Attending the Cannes Film Festival to promote a movie is expensive, especially for Americans, because the dollar is near all-time lows against the euro. So it's no surprise that some of the smaller productions cut back this year and didn't trot out all the stars. One of the most noticeable absences this year is Johansson of Woody Allen's "Vicky Cristina Barcelona." Word on the street (primarily publicists in the know) is that Scarlett wanted to bring nine people in her entourage, including specialists in makeup and hair. Not gonna happen, the backers of Woody's film reportedly told Scarlett. Such an entourage would have cost well more than $100,000, and that's probably a low estimate. A compromise was offered, according to the buzz among publicists. But Scarlett did not relent; hence, no Scarlett.

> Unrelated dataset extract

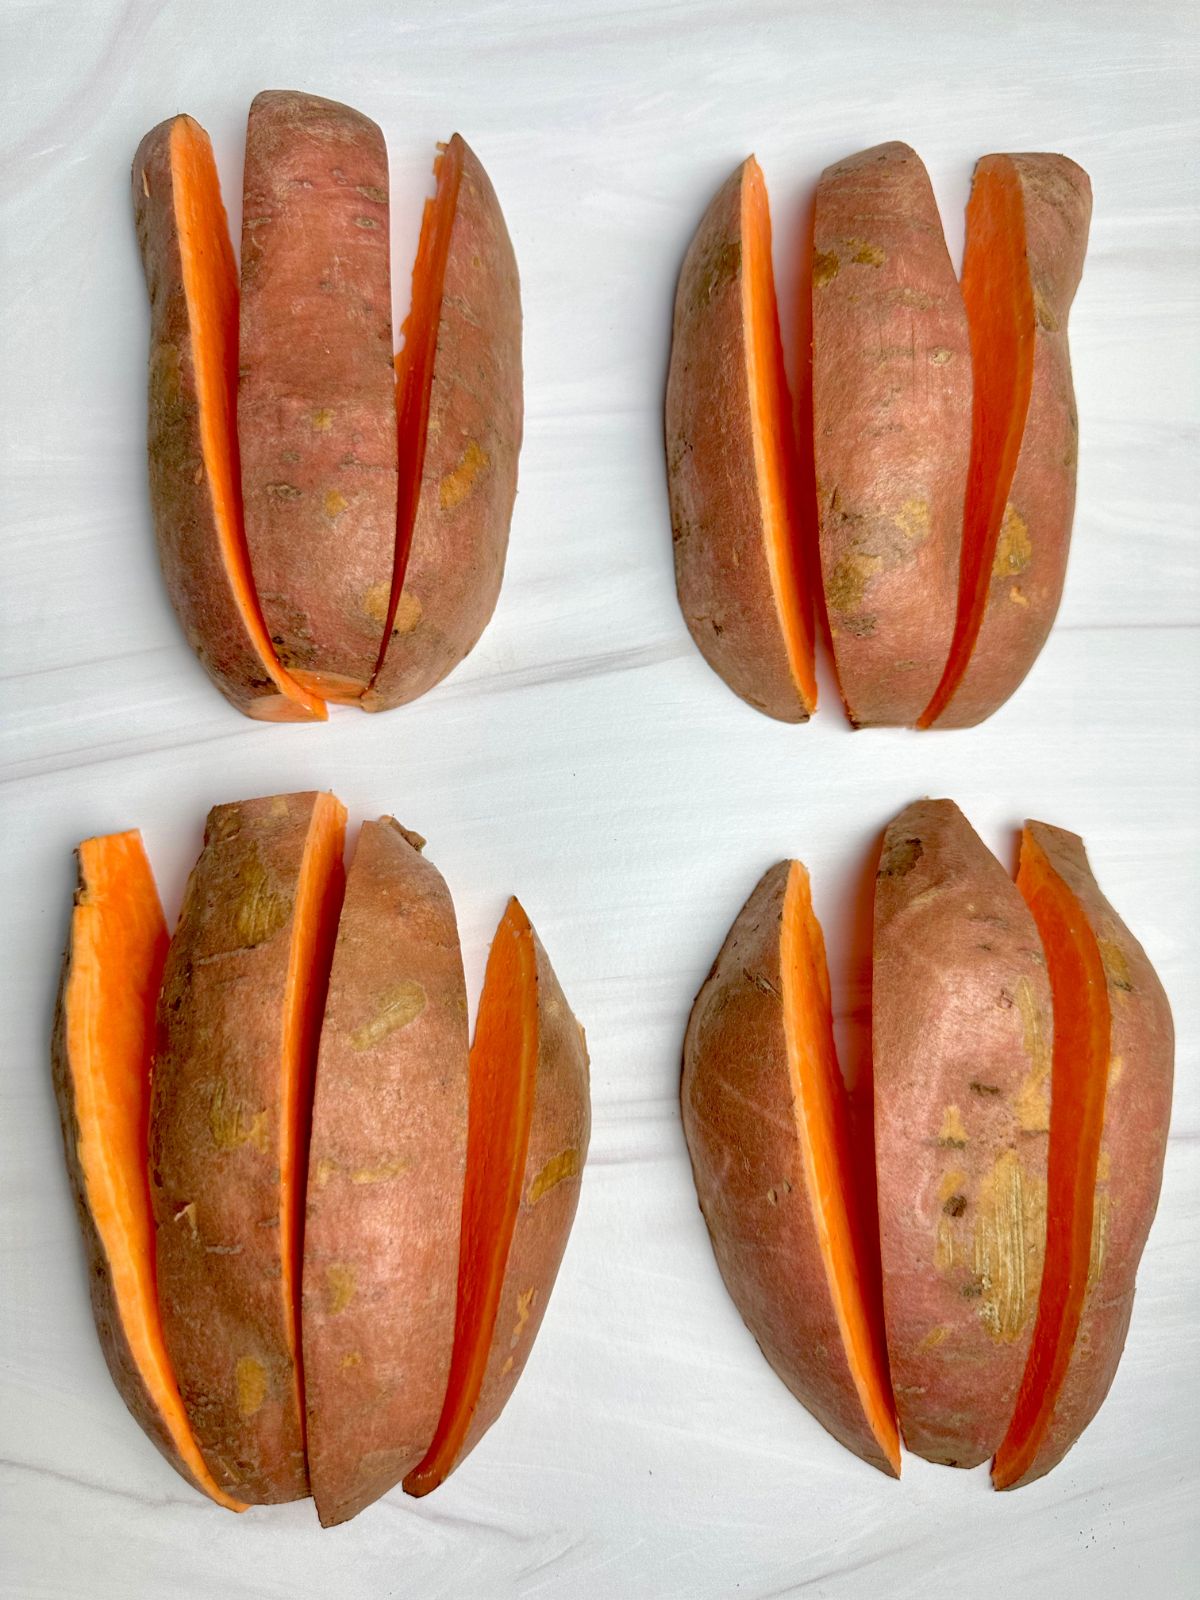 Four sweet potato wedges halves cut into wedges.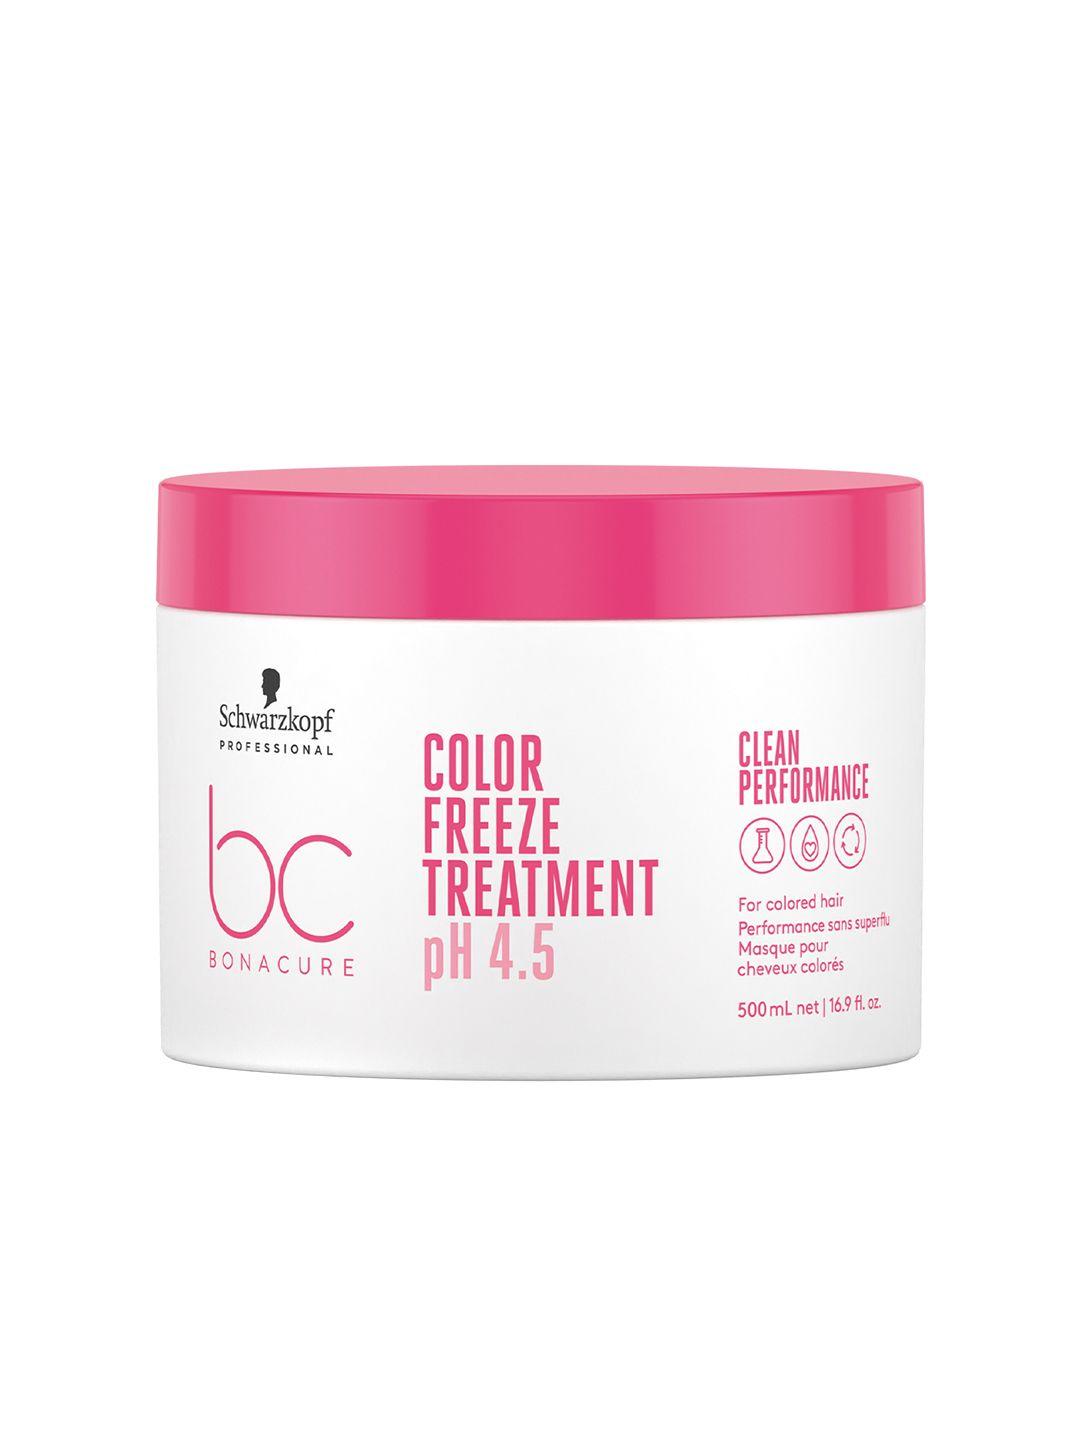 schwarzkopf professional bonacure color freeze treatment ph 4.5 hair mask - 500ml

It's shaping up to be quite a race for the Palme d'Or at this year's Cannes Film Festival. U.S. director James Gray premiered "Two Lovers," and it's one of the most sensitive portrayals of the vagaries of love to hit the screen in recent years. Much of the credit goes to Joaquin Phoenix, who stars as a depressed young man who moves back in with his parents after a failed engagement and becomes romantically involved with two women. Gwyneth Paltrow portrays a confused woman who lives nearby and is involved in an affair with a married man. Vinessa Shaw stars as the daughter of family friends who is considered a nice match for him by his parents. ...

Few directors are as verbally eloquent as Brazil's Walter Salles, whose "Linha de Passe" premiered at Cannes. If there were awards given out for best director interview, he would win hands down. A close second would be Brazil's Meirelles. Latin American cinema is at its highest point ever, with several movies selected for the official competition in Cannes. And Cannes jury president Penn acknowledged the trend in a press conference on the first full day of the festival. Every once in a while, a "warm breeze of creativity" settles over a certain part of the world, he said, and "that's what's happening in Latin America." ...

Tuesday

Hollwood's Old Master of cinema unveiled his latest portrait in Cannes, with a highly nuanced portrayal of a mother under siege by Jolie. Eastwood's "Changeling," or "L'echange" in French, tells the true story of Christine Collins, a 1920s Los Angeles single mother who comes home from work to find her 9-year-old son has disappeared. When asked why he allowed his film to be entered in the official competition, rather than screen more safely out of competition like many Hollywood movies here, Eastwood said simply: "It seems like if you're going to go to a film festival that has a competition, you might as well be in it. . . . Playing out of competition is playing it safe."